Еще несколько лет тому назад медицина хвалилась, что она может дать "правильное" положение каждому органу в полости живота. Теперь же выступает тип врача, возвра­щающийся к взглядам Парацельса и скромно утверждающий: "природа лечит, врач врачует". "Благоговение перед природой и уважение перед всем живым всегда будут религией подлинного врача"-, пишет Лик. Это уже не гордость прометеевского человека. Ярким выражением врачебной самоуверенности является терапевтический метод Удено в психиатрии, - простое наблюдение над болезнью, сопровождаемое мнимым лечением из соображений суггестии. Современная медицина частично почти уже готова вновь признать лечебную силу религии и даже чудеса излечения как, например, случайное и не­объяснимое быстрое излечение через молитву, причем не только излечение функциональных расстройств, но даже таких тяжелых органических недугов, как рак, костное воспаление, туберкулез и лупус. (Смотри по этому поводу богатую пояснениями книгу доктора Валлд - "Мои доклады о чудесных излечениях в Лурде". Валлд руководит в течение 40 лет бюро врачебных наблюдений в Лурде). Современный врач опять имеет дело с больными людьми, а не с болезнями. Так преодолевает он предметность и врачует не только больные части тела, но видит в больных органах симптом общего расстройства организма.

Он снова знает, что мельчайшее повреждение ощущается, как ущерб всему организму. Иными словами, он жертвует также и человеком "частичности". Шаг за шагом ученый специалист теряет прежнее уважение и все больше ощущается недостаток домашнего (универсального) врача. Или, иными словами, врач удаляется от техники и приближается к священнику. В факторы лечения он включает иволю к оздоровле­нию больного, так что врач и пациент не противостоят более, как господин и раб, как субъект и объект, а как рав­ноправные в совместном труде, стремящиеся к оздоровлению. Так идея братства оживает в медицине. Этому соответствует и новое отношение к вивисекции. В медицинских кругах по поводу нее возникают не только сомнения, но и открытый протест (Чиабури!). Снова пробуждается братское чувство ко всему живому, как солидарность органического. В данном случае, как и всегда, находится пост фактум достаточно оснований для объяснения перед рассудком наблюдаемых душевных перемен, кроме довода о том, что без вивисекции можно обойтись, или, что она ведет к неправильным результатам, ибо искусственно воспроизведенная болезнь существенно отличается от натурально возникшей.

Эволюция, которую я пытался здесь обрисовать, кажется каждому из специалистов лишь частным случаем и обычно прогрессом своей частной науки.
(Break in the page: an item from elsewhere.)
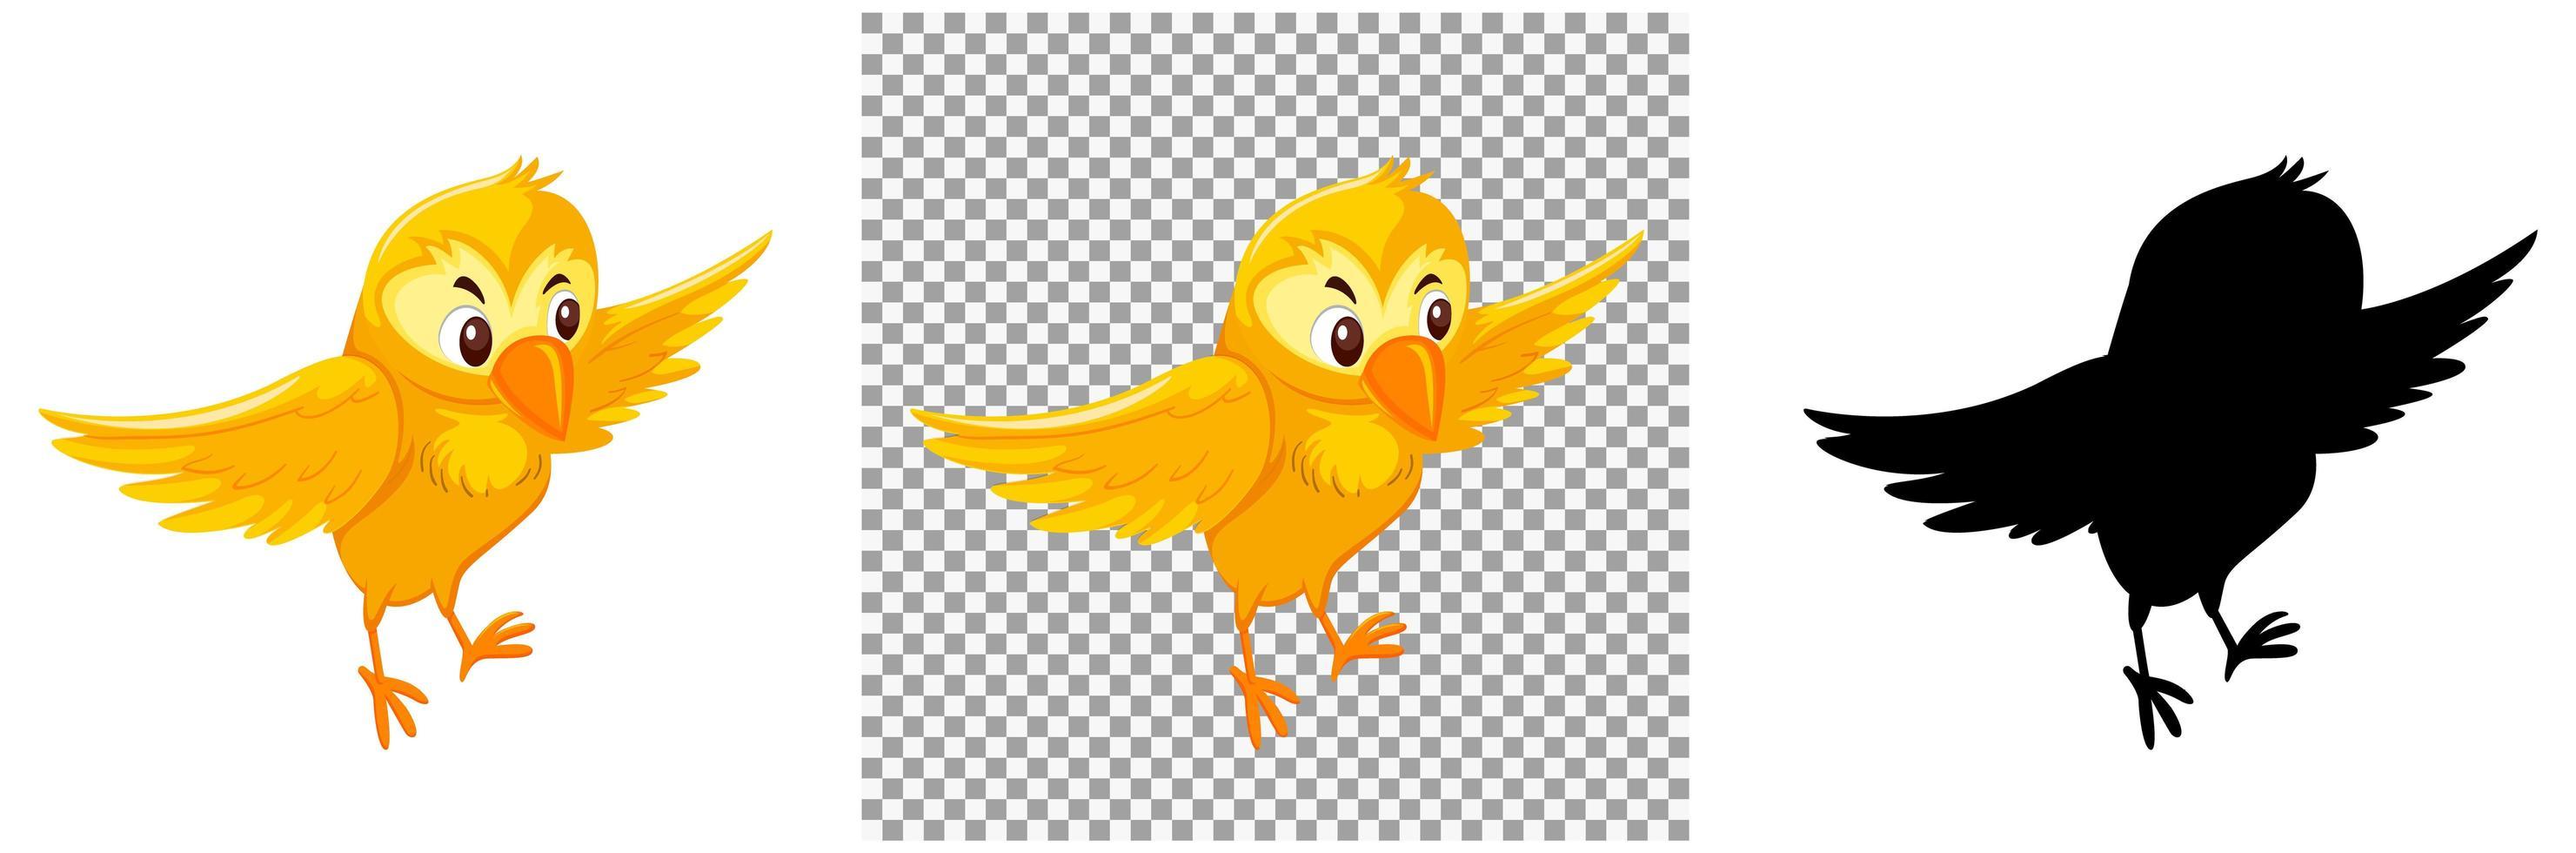 personnage de dessin animé mignon oiseau jaune vecteur

Фактически же она имеет место, хотя и в различных формах, во всех отдельных науках: перемена основного мироощущения, переход от высокомерия к благоговению, от самосознания к самоограничению, - будь то признание наличия бессознательного в психоанализе, финальности в физике, терапии Удено, в психиатрии или теории богознания, в диалектической теологии. Человек видит себя более маленьким, ибо он начинает прозревать вселенную и Бога. Потому и становятся возможными в XX столетии (также как и в XVII) верующие естествоиспытатели (Джинс, Эддингтон, Планк, Маркони). Точная наука заявляет, что она настолько ушла вперед, что религия (а по Джинсу даже би­блейская история сотворения мира) вновь становится приемле­мой для исследователя. Но эту перемену вызвали не научные открытии, а душа человека. И следует говорить не о про­грессе, а о том, что человеческий дух отвращается от величай­шего заблуждения и начинает вновь свободно и естественно смотреть на мир. Картина мира меняется, ибо меняется душа. Мир есть всегда зеркало души.
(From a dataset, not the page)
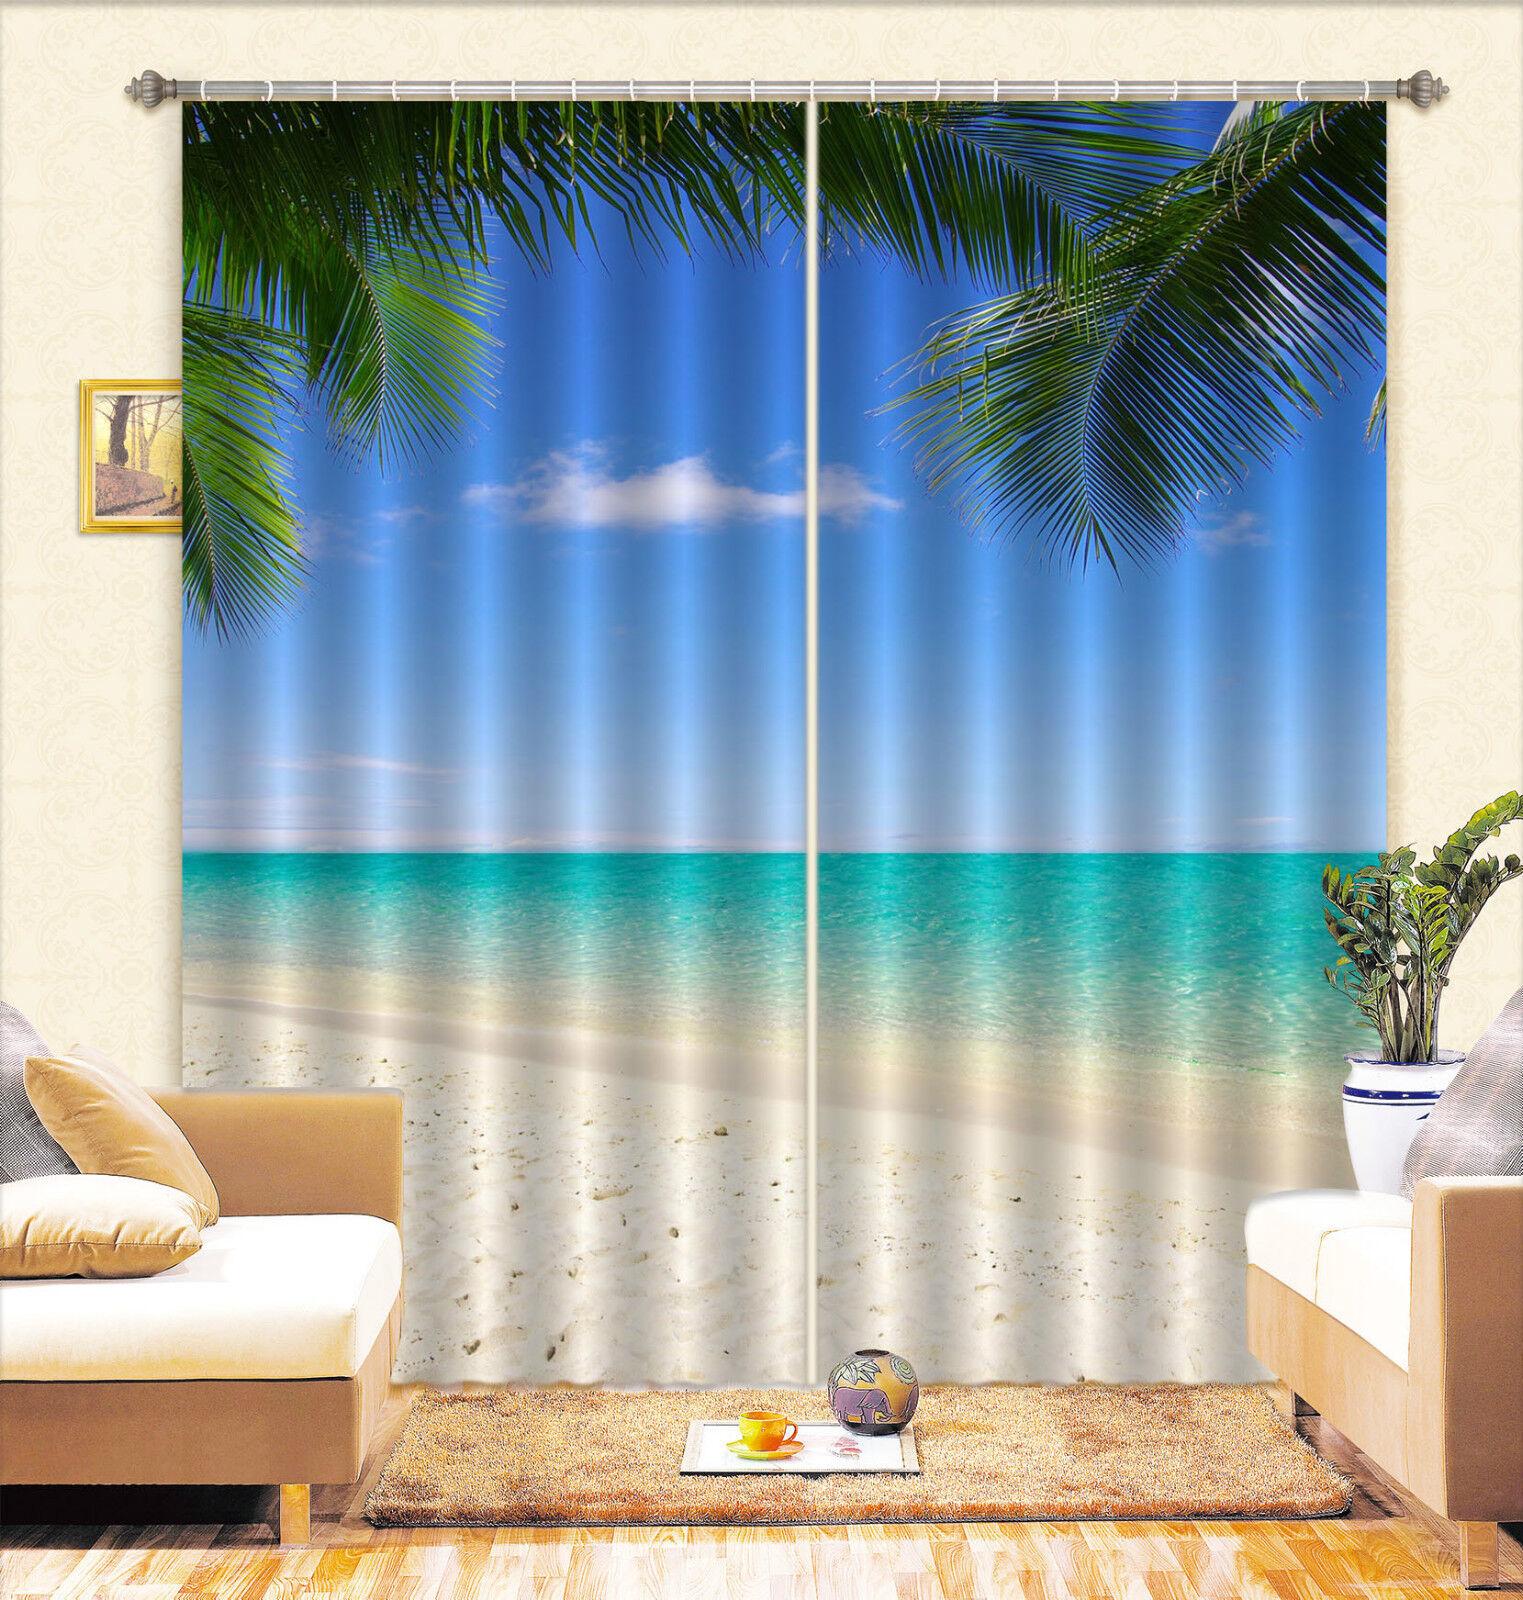 3d spiaggia sabbia 83 blocco foto sipario pressione sipario tende tessuto finestra de

Новые мнения в некоторых исключительных мозгах, новая религиозность зарождается в немногих открытых сердцах - тихо и в стороне от дневного течения и шума. Так бывает всегда в эпохи смен. Пока новое не добьется общего признания, оно является смелым стилем мышления и ощущения небольшой духовной элиты, страдающей до тех пор, пока оно перестает быть новым. Это собираются лучшие, чтобы привлекать юных. В резком противоречии с ними находится практика современной повседневной жизни, не желающей ничего знать о благоговении, добре и любви к ближнему, и открыто преклоняющейся перед бесправием и насилием.
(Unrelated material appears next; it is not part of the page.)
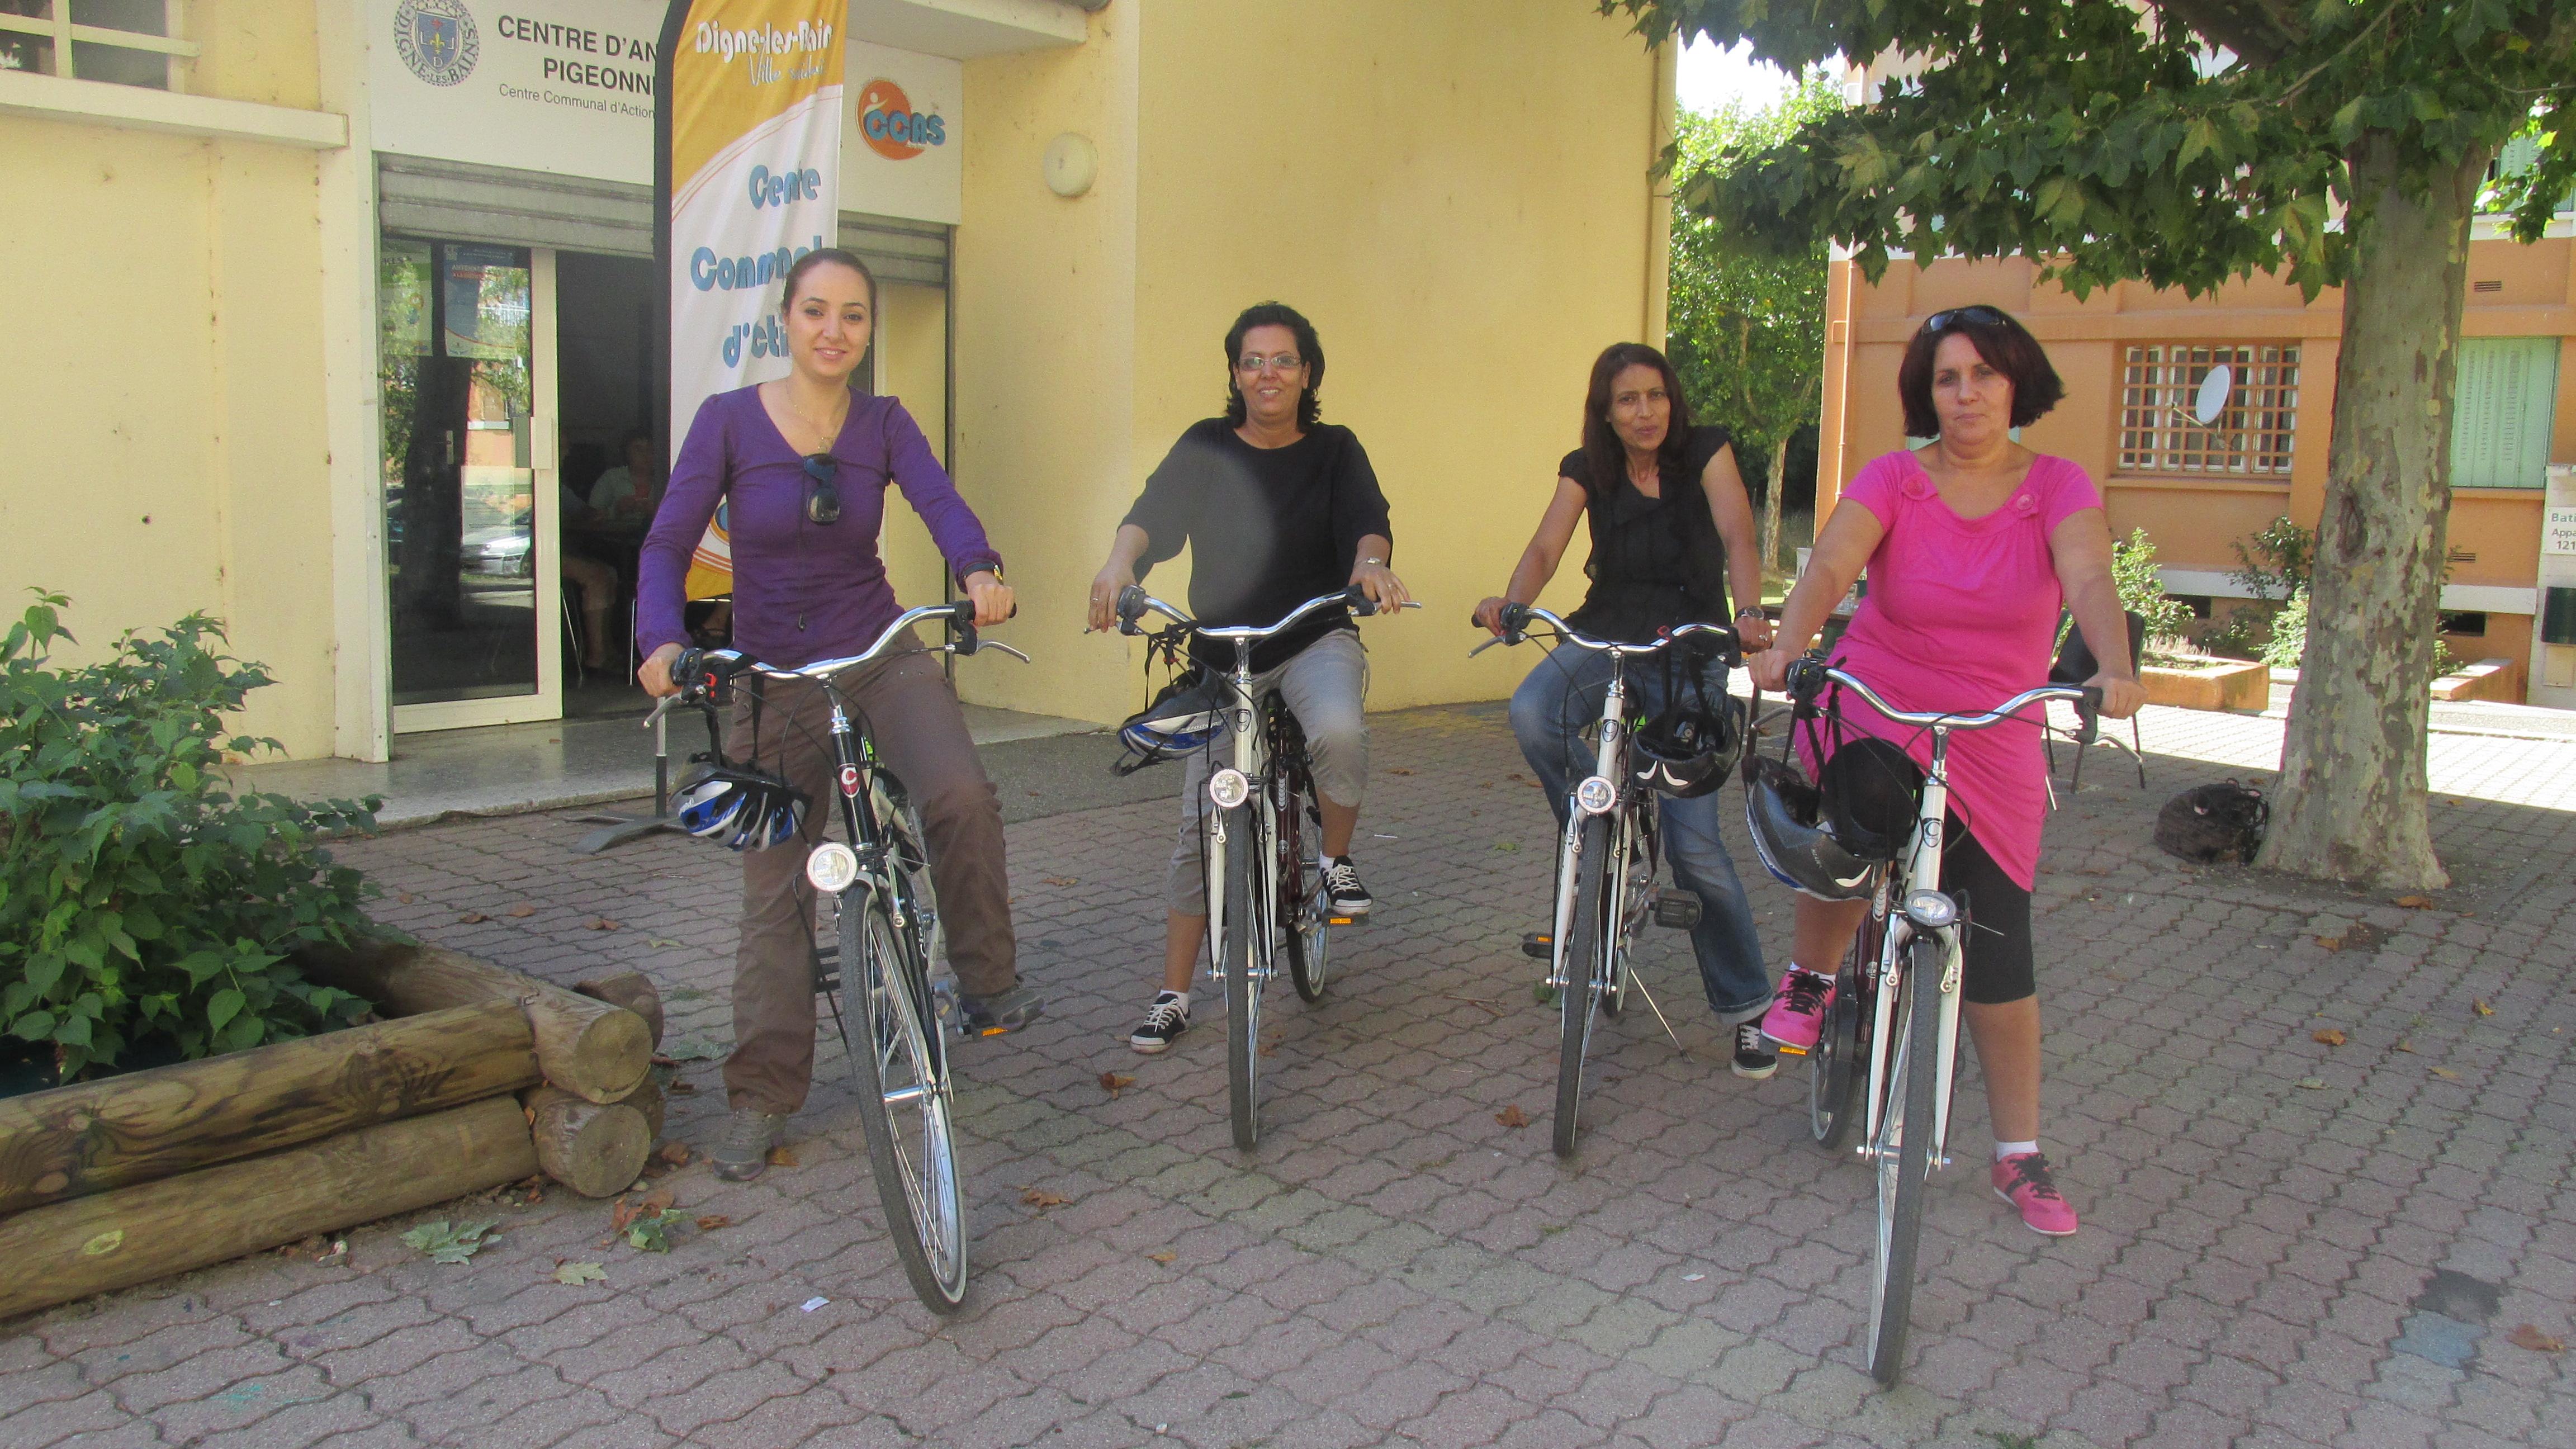 Beau succès du vélo-école pour les femmes à Digne

Буквально перед нашими глазами завершается проме­теевское преступление. У массы современников - ни следа размышления, раскаяния, мысли восхождения к новому че­ловечеству. И, несмотря на это, нашего времени не умоляет тот факт, что в Европе распространяется общая душевная пе­ремена, приближающая ее постепенно к восточному духу. В то время, как осужденная на смерть западная культура опу­скается в ночь заката, брезжит уже на далеком горизонте утренняя заря иоаннического зона.

Совпадение противоположностей! Картина междувременья!

КРУШЕНИЕ ЗАПАДА

Прометеевский человек впервые дерзнул на попытку, исходя из человека, по новому оформить вселенную. Человеку приписал он ту творческую и властную роль, в которой раньше он видел только Бога. Эта попытка начинает проваливаться по всей линии.

Точные науки пришли к неожиданному выводу, что мир становится тем сложнее, чем больше его разлагает разум. За каждой разрешенной загадкой встает бесчисленное множество неразрешенных проблем, так например, в новейшей физике количество постоянных растет скорее, чем включение в закономерные зависимости того, что раньше почиталось за постоянное. Безудержно ширится поток логически возможного. Никакой Геркулес не может больше справиться с гидрой проблематики. Физик Де-Брой в своей книге "Свет и материя" открыто признается (1937): "Каждый раз, как человеческому гению ценой величайших напряжений удается расшифровать какую-нибудь страничку из книги природы, то тотчас же обнаруживается, насколько труднее задачи расшифровки каждой последующей!". Законы природы, при помощи которых мир позволял, казалось бы, так удобно управлять собой и эксплуатировать себя - начинают отказываться служить. Оказывается, что чистые мыслительные конструкции являют­ся фикциями без объективной обязательности, - мифами прометеевского человека. "То, что мы называем законами природы - есть сумма методов, выдуманных нами для ов­ладения вещами и для использования их на службе нашей воли" (Бутру "Понятие закона природы в современной науке и философии"). Так, к нашему величайшему удивлению, мы опять приходим к чуду, от которого мы, под предводительством нашего разума, ушли в царство предвидимого. Рационализм опровергает сам себя.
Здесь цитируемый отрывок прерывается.